After reading the report behind the article I find myself shaking my head in wonder. . . . Do the people who create and administer the Medicare reimbursement system have any understanding as to why people operate senior housing and health-care communities? Do they really not get that people invest tens of million dollars in buildings and operations to make a profit? Do they really not get that even successful not-for-profits follow the maxim, “no margin, no mission”? Since Medicare was signed into law in 1965 it has been a cat and mouse game where the providers’ goal has been to make as large a profit as possible while the Federal government attempts to fairly replace a market forces system, with one that provides adequate medical care for seniors and provides reasonable/fair payment for those services. The problem is that consistently, providers are smarter, or at least more nimble, and in some cases, better politically connected, allowing them to profit handsomely from the system.
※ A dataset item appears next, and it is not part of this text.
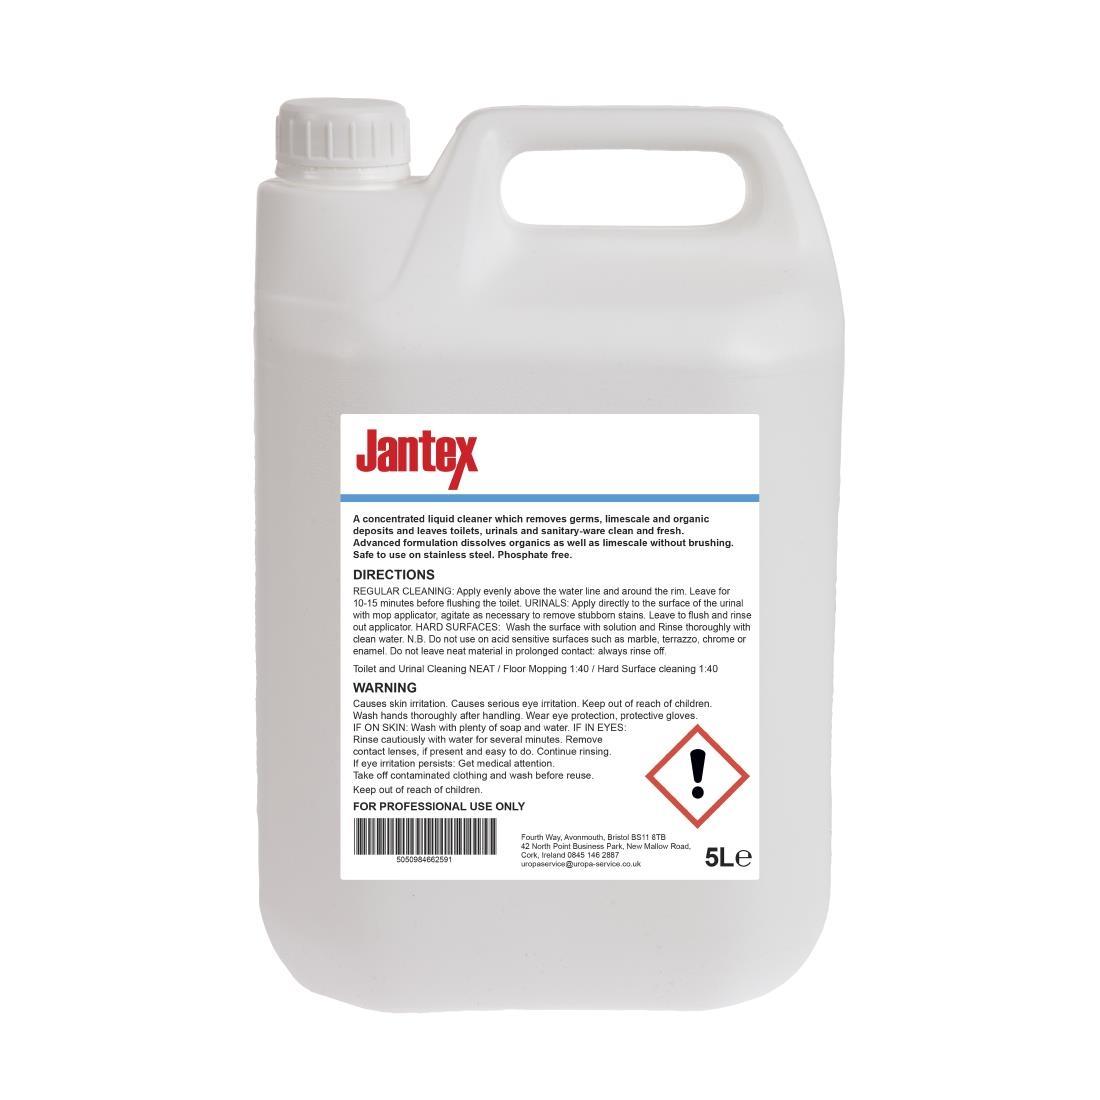 Jantex Toilet Cleaner Ready To Use 5Ltr - CF983  - 2

The end result has been an astonishing increase in the cost of health care. It seems that every time Medicare makes a change in the rules, providers quickly figure out how to work within those rules, to at least stay even and often improve profitability. T

his most recent change that resulted in increased costs makes me ask: “What were they thinking?” Any first year business school undergraduate would have been able to look at the rule changes and quickly see that they could only result in increased costs. The problem is compounded by the craziness of individual state reimbursement systems that result in wildly different reimbursement rates for the same level of care. Often these disparities do not accurately reflect geographical disparities in “costs of living” or “costs of care”. Perhaps the Federal government needs to look at how Senior HMO’s operate.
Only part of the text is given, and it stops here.